The shape of the clunk is familiar, though, and worth naming. Claude.app on macOS reads the way a Google product on macOS reads — which is to say, slightly off, in the body-recognises-it-instantly way that always traces back to a design system imported rather than native. Material Design is, in its own context, an admirable system: it has its own typography, its own elevation and shadow conventions, its own animation curves, its own opinions about how a card or a sheet should behave, an entire grammar that has held up across more than a decade. Its native context, however, is the web and Android. Material on macOS feels rather like a thoughtful Continental architect asked to retrofit a Manhattan brownstone — the grammar is impeccable, but it was learnt somewhere else. AppKit and SwiftUI are the local language of macOS — UIKit is the iOS counterpart, related but not, in any honest sense, interchangeable. Claude.app, like Material on macOS, has a vocabulary, but it isn’t this one. The difference is small paragraph by paragraph and instantly felt in aggregate — the way one’s body knows, walking into a building, whether the architect was local.

None of this is an intelligence complaint. Claude is often magnificent. Claude Code can feel like having a very serious, very capable collaborator who has read every file and will not be distracted by the shallow pleasures of typography. For reasoning, writing, long context, and careful thought, Claude remains one of the most impressive products in the category.

But the product has a persistent awkwardness. The orange. The icons. The hidden affordances. The faint aftertaste of a 1970s terminal that has been talked, late in life, into a turtleneck. The sense that the interface was permitted to exist only after the serious people finished the serious work.

The contradiction lives on the home screen. Evening, Setareh is a warm greeting, and a good instinct — but around it sits an interface that still feels administrative: a skinny left rail packed with recent tasks, small labels, muted grey controls, and a centre area that is at once empty and busy. It gestures at personalisation, then drops one back into a workspace that resembles a filing cabinet with a Rhodes scholar inside it.

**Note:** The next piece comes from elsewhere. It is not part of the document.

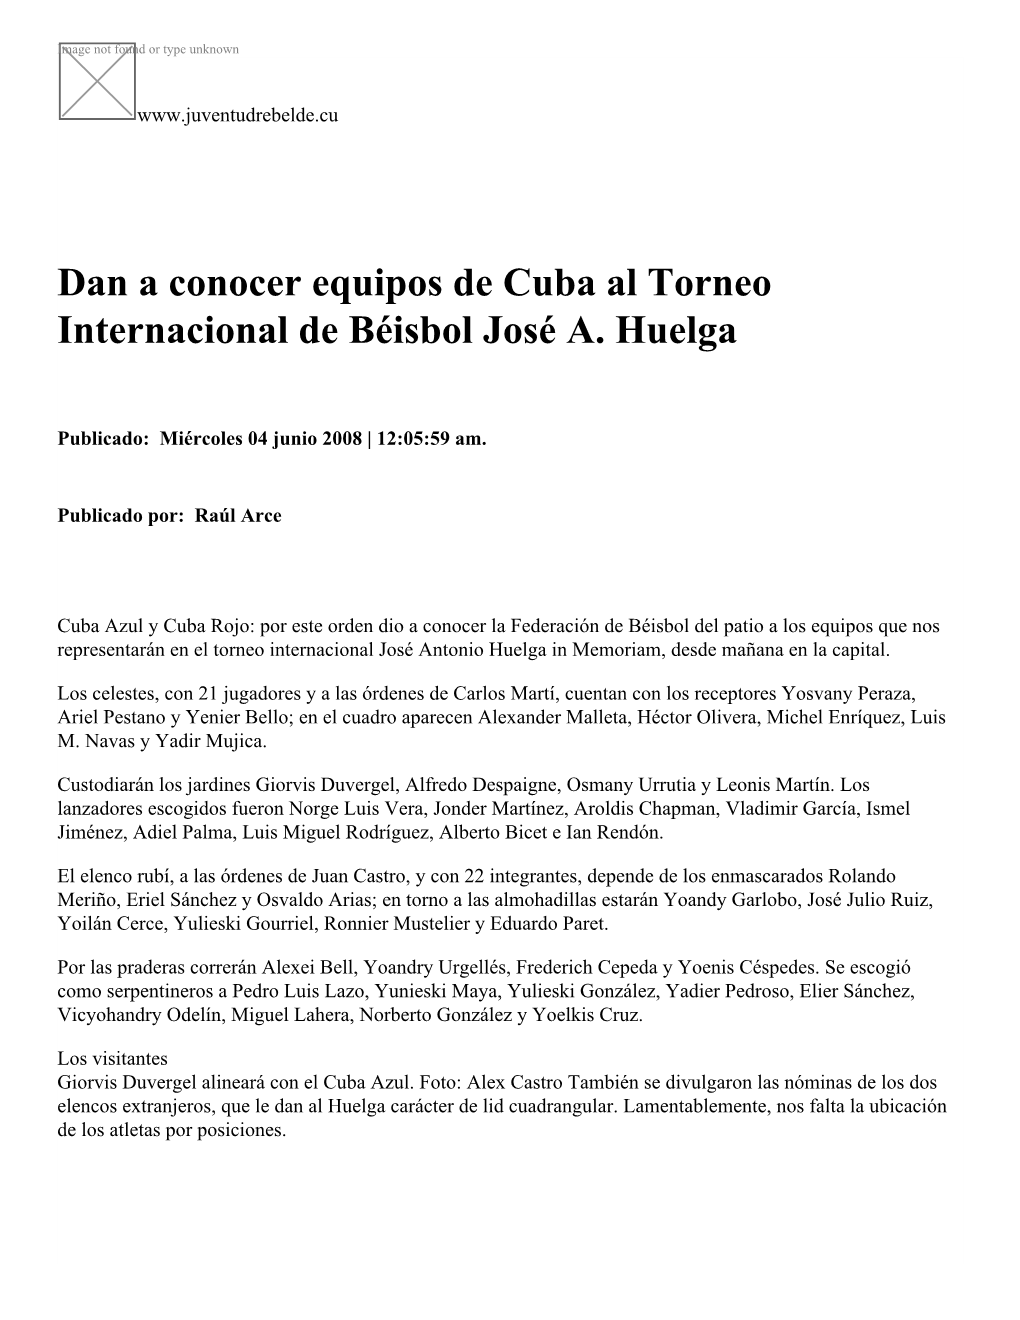 Dan a Conocer Equipos De Cuba Al Torneo Internacional De Béisbol José A

The result is that Claude sometimes feels less like a place to think and more like a place to submit a request. That distinction matters. A request box is transactional. A designed space changes how one behaves inside it.

Two applications can hold the same model and feel, on opening, like entirely different products. The room around an interface does not merely contain the conversation; it shapes who one becomes inside it.

Claude’s left navigation, cropped close. The icons are low-contrast;
the Artifacts mark in particular takes work to parse.

This is the small stuff that people pretend is subjective until it quietly ruins the day. The cropped Claude menu has the shape of a product that knows what it needs to expose but has not yet decided how those things should feel. New chat is clear. Projects is fine. Artifacts looks like a symbol from a half-remembered enterprise procurement portal. Customize is a briefcase. None of this breaks the model. It does something quieter and worse: it makes the intelligence feel less cared for.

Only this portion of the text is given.